Banking system liquidity in deficit as ICRR kicks in

Liquidity in the banking system has slipped into a deficit for the first time in FY24 as the Reserve Bank of India’s (RBI) decision to impound a chunk of banks’ extra funds – and hence reduce inflation risks – has led to a cash shortfall amid tax outflows.

Daily central bank data showed that the RBI injected funds worth ₹23,644.4 crore into the banking system on August 21, marking the first infusion of cash since March 27. An injection of funds by the RBI reflects deficit liquidity conditions in the banking system.

In its last policy statement on August 10, the RBI announced an incremental cash reserve ratio (ICRR) of 10% that banks must maintain on the rise in their deposits from May 19 to July 28. The ICRR, which came into effect from the fortnight beginning August 12, is expected to impound around ₹1.1 lakh crore worth of funds from banks. The RBI said that it will review the ICRR on September 8 or earlier.

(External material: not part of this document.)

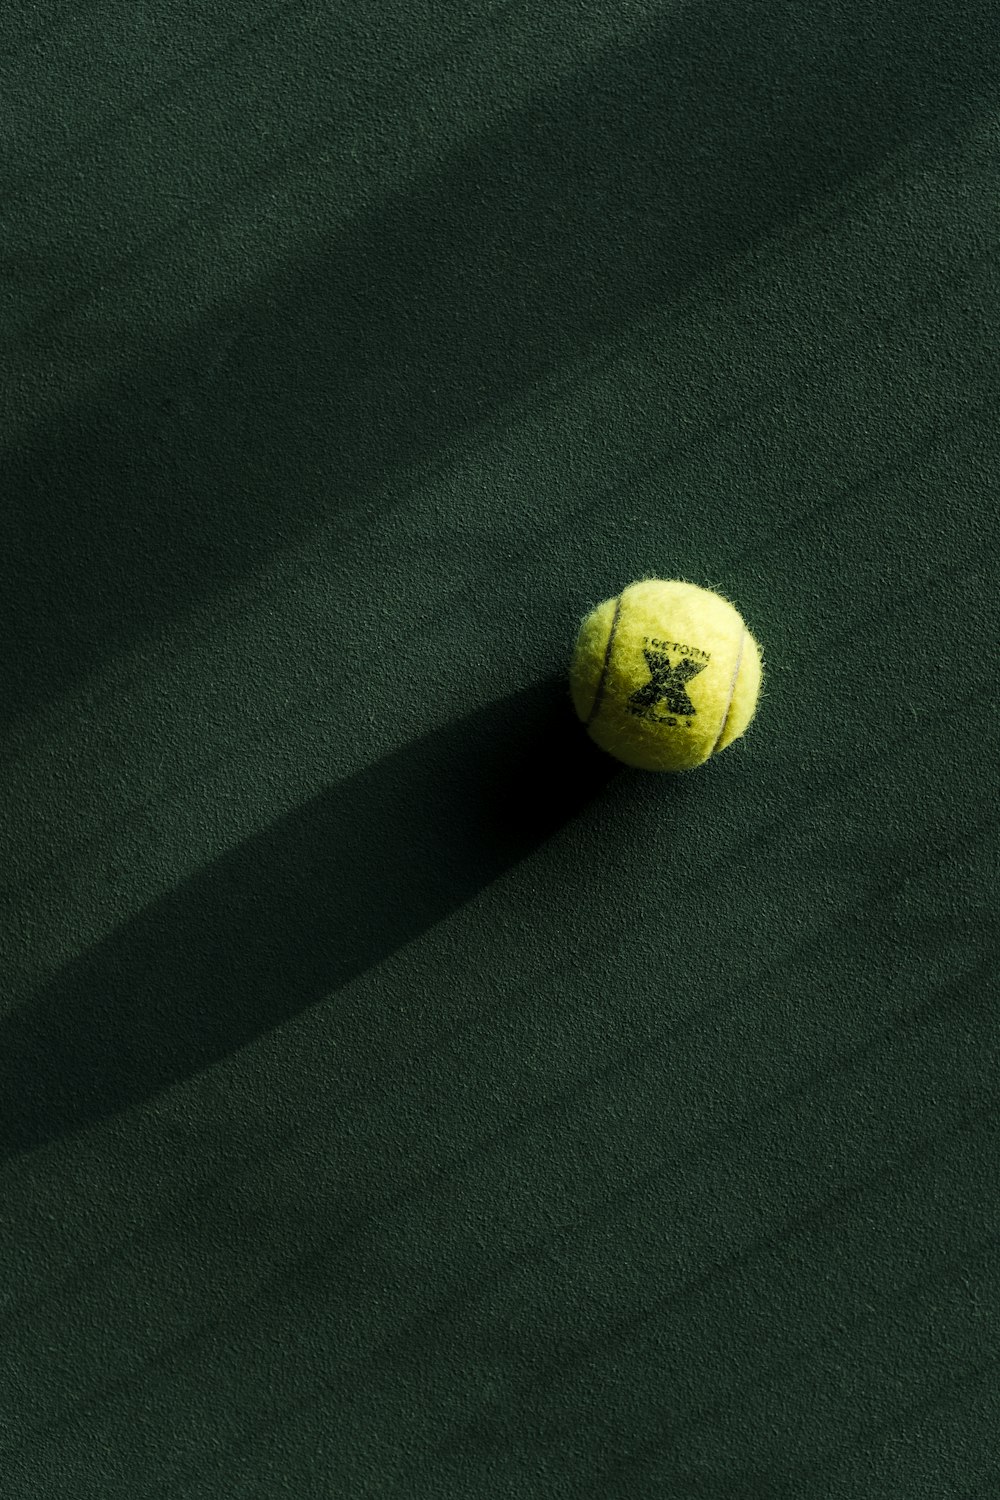 Una pelota de tenis en una cancha verde con una sombra

With the central bank having drained out a large portion of extra funds, money market rates have risen, pushing up banks’ cost of funds. Goods and services tax outflows on the 20th of the month have exacerbated the cash crunch for banks.

“When we look at the Marginal Standing Facility section under Liquidity Adjustment Facility operations in the RBI data, we see that it has gone up to ₹90,000 crore on an overnight basis,” said Achala Jethmalani, economist at RBL Bank.

“The weighted average call and triparty repo rates have gone up to the 6.75% mark, which is the upper end of the borrowing corridor. It is likely that the RBI would prefer money market rates at the higher end of the corridor because that in a way helps to curtail the rupee’s slide too and is also in line with the aim of tackling inflation,” she said.

The weighted average call rate is the operating target of the RBI’s monetary policy.

RBI Governor Shaktikanta Das said earlier this month that the decision on the ICRR was taken in light of the sharp rise in excess banking system liquidity following deposits of ₹2,000 notes with banks, foreign exchange inflows and a large surplus transfer from the central bank to the government. In June and July, the RBI absorbed close to ₹2 lakh crore worth of funds from banks on a daily basis.

“Excessive liquidity, on the other hand, can pose risks to price stability and also to financial stability,” Das said on August 10. India’s inflation surged to a 15-month high in July.

Surplus liquidity conditions typically push down the cost of funds for banks, running counter to the RBI’s aim of withdrawing monetary accommodation.

Another factor that has likely added to the tightness in liquidity is dollar sales by the RBI in the currency market in order to prevent excessive volatility in the exchange rate. The rupee touched an all-time closing low of 83.15 to the US dollar last week on August 17 amid higher US bond yields.

A foreign bank treasury executive said that the RBI may have sold around $6 billion in the spot market over the last couple of weeks. Dollar sales by the RBI drain out rupee liquidity from the banking system.